Arna's Children Review

in 11st Hot Docs Canadian International Documentary Festival

by Peter Keough

While news of the latest celebrity trial saturates the North American broadcast media, the Middle East dominated this year’s Toronto Hot Docs Festival. With stark and disturbing films such as Death in Gaza, Control Room, War Feels Like War, Checkpoint and many others competing for audience’s empathy, the modestly produced Arna’s Children might have passed as just another earnest look at the misery of Palestinian children in refugee camps in the occupied territories. Instead, with its understated irony and detached pathos, with its seamless interweaving of past and present and of hope and reality, Children astounds and devastates even those numbed by the subject’s litany of suffering. It was our choice for the FIPRESCI Prize for best first feature film.

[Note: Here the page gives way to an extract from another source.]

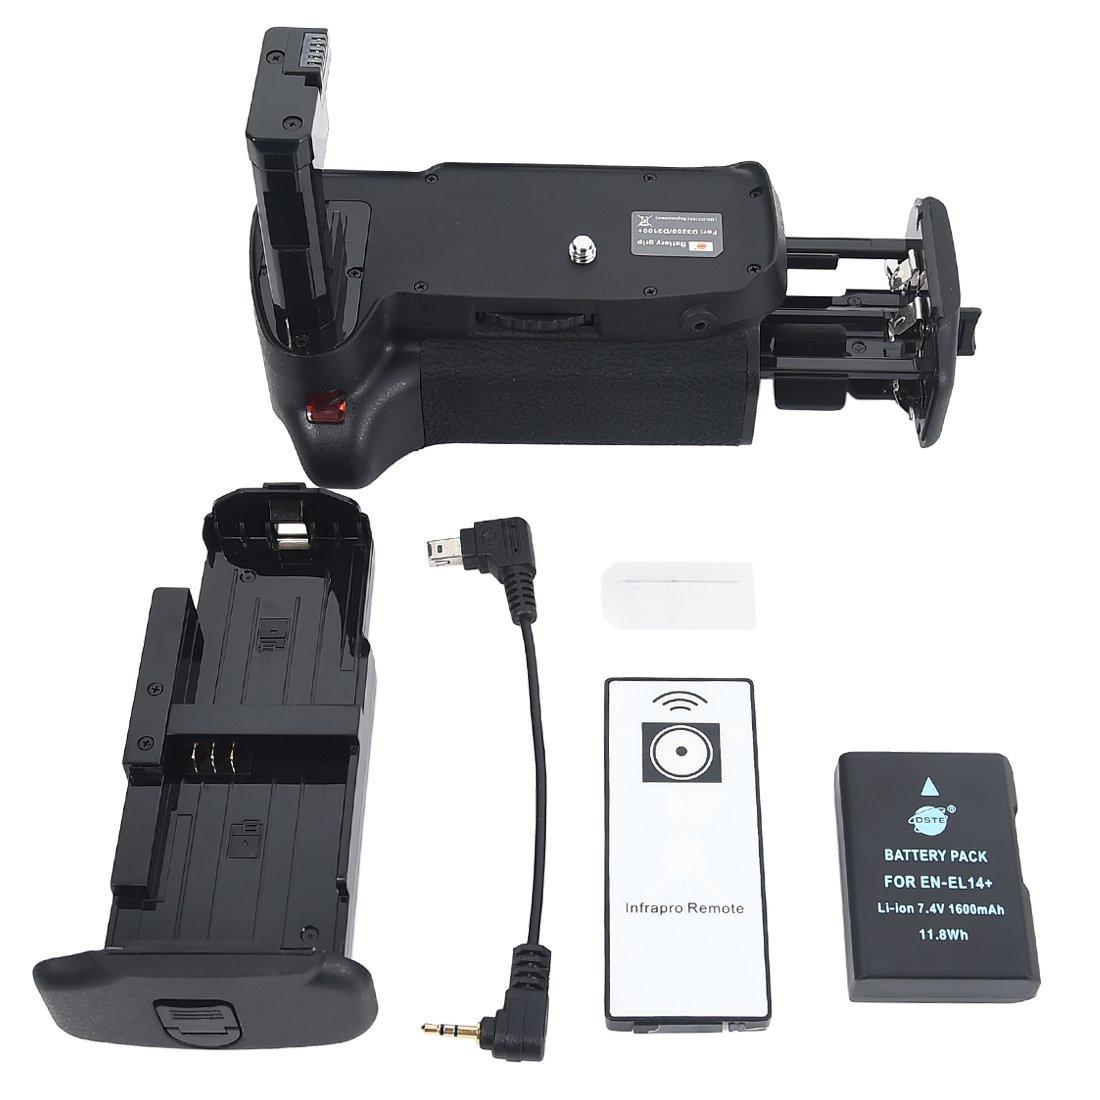 DSTE Pro IR Remote MB-D31 Vertical Battery Grip + EN-EL14 EN-EL14A for Nikon D3100 D3200 D3300 D5300 SLR Digital Camera

Arna is Arna Mer, a veteran of the 1948 Israeli War for Independence who in later years dedicated herself to seeking justice for the displaced Palestinian people. Among her children is the film’s director, Juliano Mer Khamis, a distinguished Israeli actor who has appeared in films by Amos Gitai and others. He introduces his mother in a scene at an Israeli road block where she and other demonstrators importune drivers to sound their horns in protest. Though dying of terminal cancer, Arna clearly is still a firebrand with undimmed ideals.

But Arna has other children as well, surrogate sons and daughters in the Jenin refugee camp where she maintained a school for the local kids, teaching them art and especially drama. The filmmaker worked as a drama coach there as well, as is shown in footage dating back to the years 1989-1996. Among his charges are Yussef, Ashraf and A’lla, who exult in the opportunity to express their rage, fear and desires on stage while in real life bulldozers raze their homes and daily humiliation and injustice crush their spirit. They speak highly of their experience with Arna and Juliano, regarding them, despite the fact that they are Jews, as their family.

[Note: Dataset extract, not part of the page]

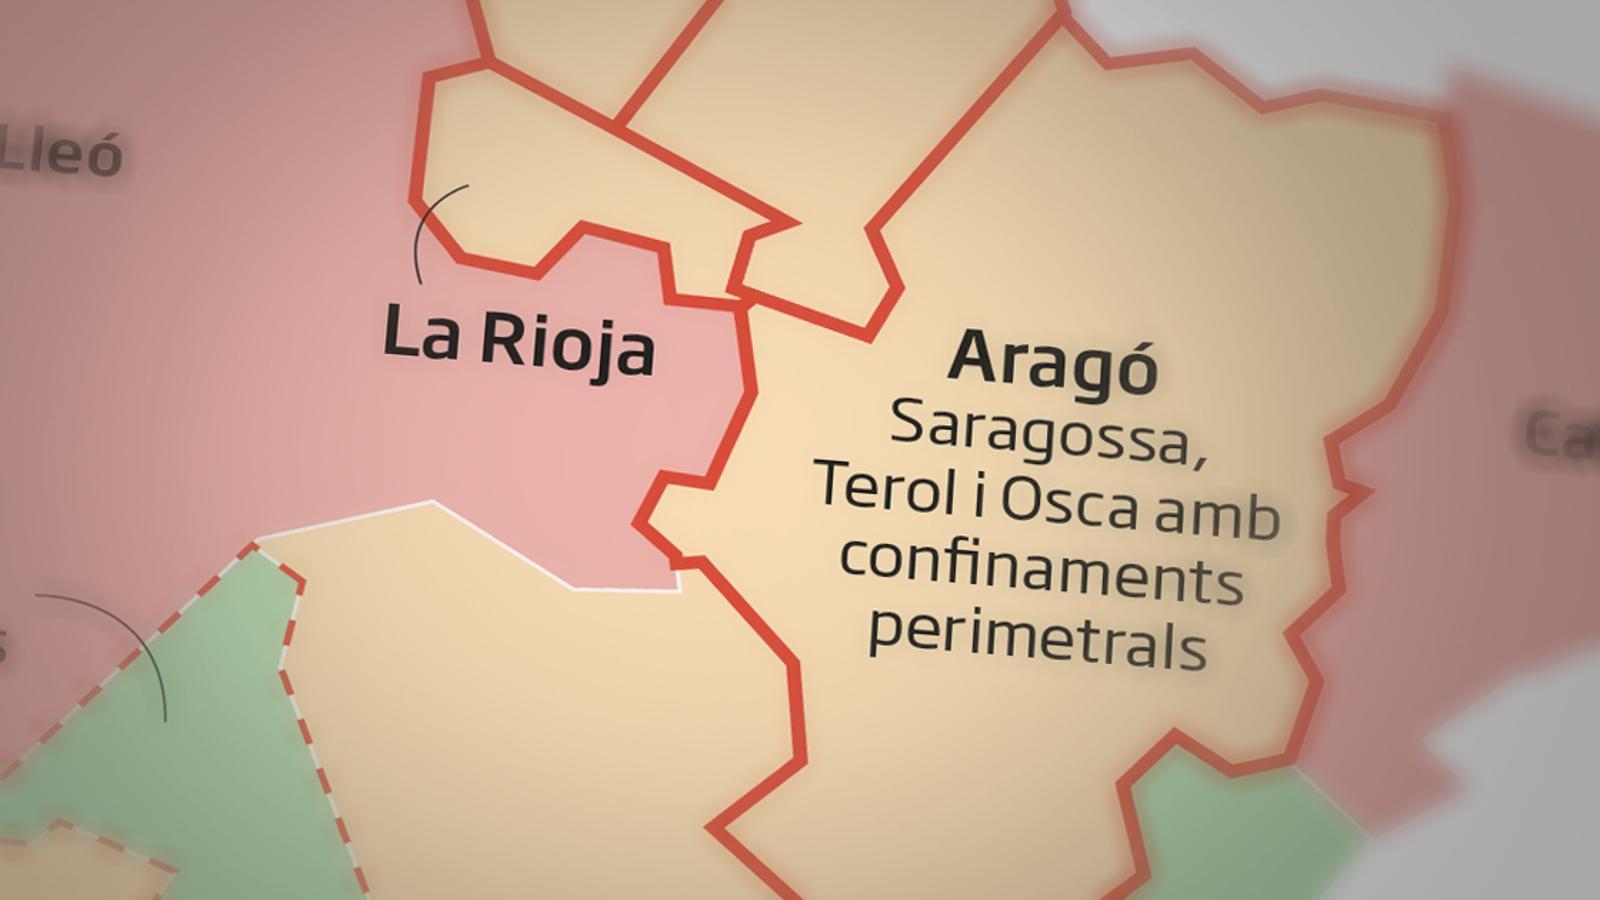 Cinc comunitats autònomes es blinden amb tancaments perimetrals

So, one expects, Arna and her school will inspire these deprived children to channel their hardship and anger into redemptive careers in the arts. Subtly, Mer Khamis cuts from this older footage to 2002, to the height of the Intifada and the onslaught suicide bombings to reveal the humbling truth: they have all become armed militants. In stunning sequences Mer Khamis accompanies his former students as they dodge Israeli patrols. They point out the gun slots they carved in the walls of their former theater and blithely talk about those they killed and those who died. Funerals and grief inevitably follow, including the funeral of Mer Khamis’ mother, who succumbed to her illness, perhaps still firm in her faith that compassion, art and tolerance can make a difference.

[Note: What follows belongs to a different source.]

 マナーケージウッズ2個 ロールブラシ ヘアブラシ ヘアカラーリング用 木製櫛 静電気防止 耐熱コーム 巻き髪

Perhaps it does: though Mer Khamis never states his judgments overtly, one can’t help wondering if in fact their training in art, drama and self-expression might have contributed to the children’s later career of doomed violence. Drawing on their rage and building their confidence in make believe dramas, maybe they found the determination to act for real. Mer Khamis remains silent on this, but the fact that Arna’s Children makes human those otherwise demonized or deified into stereotypes reaffirms film’s power to tell the truth.